# Extracted entries:

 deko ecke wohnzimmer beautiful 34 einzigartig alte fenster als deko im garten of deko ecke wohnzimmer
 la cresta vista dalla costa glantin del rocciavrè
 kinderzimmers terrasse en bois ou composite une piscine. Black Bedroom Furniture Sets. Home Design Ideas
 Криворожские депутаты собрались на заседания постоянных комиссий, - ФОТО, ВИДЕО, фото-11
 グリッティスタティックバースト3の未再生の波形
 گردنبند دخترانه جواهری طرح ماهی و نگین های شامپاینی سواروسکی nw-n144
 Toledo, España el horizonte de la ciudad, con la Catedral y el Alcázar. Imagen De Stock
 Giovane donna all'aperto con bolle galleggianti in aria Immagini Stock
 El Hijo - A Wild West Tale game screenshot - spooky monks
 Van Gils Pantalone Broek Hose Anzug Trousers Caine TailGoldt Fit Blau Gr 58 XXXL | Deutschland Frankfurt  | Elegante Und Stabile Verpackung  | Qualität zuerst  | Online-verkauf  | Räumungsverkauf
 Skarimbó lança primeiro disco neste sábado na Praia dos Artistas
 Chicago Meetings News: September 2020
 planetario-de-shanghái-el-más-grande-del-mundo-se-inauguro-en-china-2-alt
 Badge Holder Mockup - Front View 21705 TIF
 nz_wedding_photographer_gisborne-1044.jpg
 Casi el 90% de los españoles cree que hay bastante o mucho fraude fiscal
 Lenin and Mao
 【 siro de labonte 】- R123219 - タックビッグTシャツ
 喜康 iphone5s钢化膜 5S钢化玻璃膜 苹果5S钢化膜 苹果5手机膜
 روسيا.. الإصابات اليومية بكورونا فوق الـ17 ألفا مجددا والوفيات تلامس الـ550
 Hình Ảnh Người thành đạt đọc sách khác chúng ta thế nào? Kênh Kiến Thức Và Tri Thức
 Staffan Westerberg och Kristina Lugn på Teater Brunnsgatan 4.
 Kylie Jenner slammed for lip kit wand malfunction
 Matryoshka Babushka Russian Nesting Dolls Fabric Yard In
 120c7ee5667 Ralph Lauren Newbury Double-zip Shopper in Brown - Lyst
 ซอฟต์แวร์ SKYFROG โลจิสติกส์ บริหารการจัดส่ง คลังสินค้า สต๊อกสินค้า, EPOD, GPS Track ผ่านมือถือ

# Task details:
How many lines of the entries above include the word "Stock"? Answer with the number only.

# Solution below:
2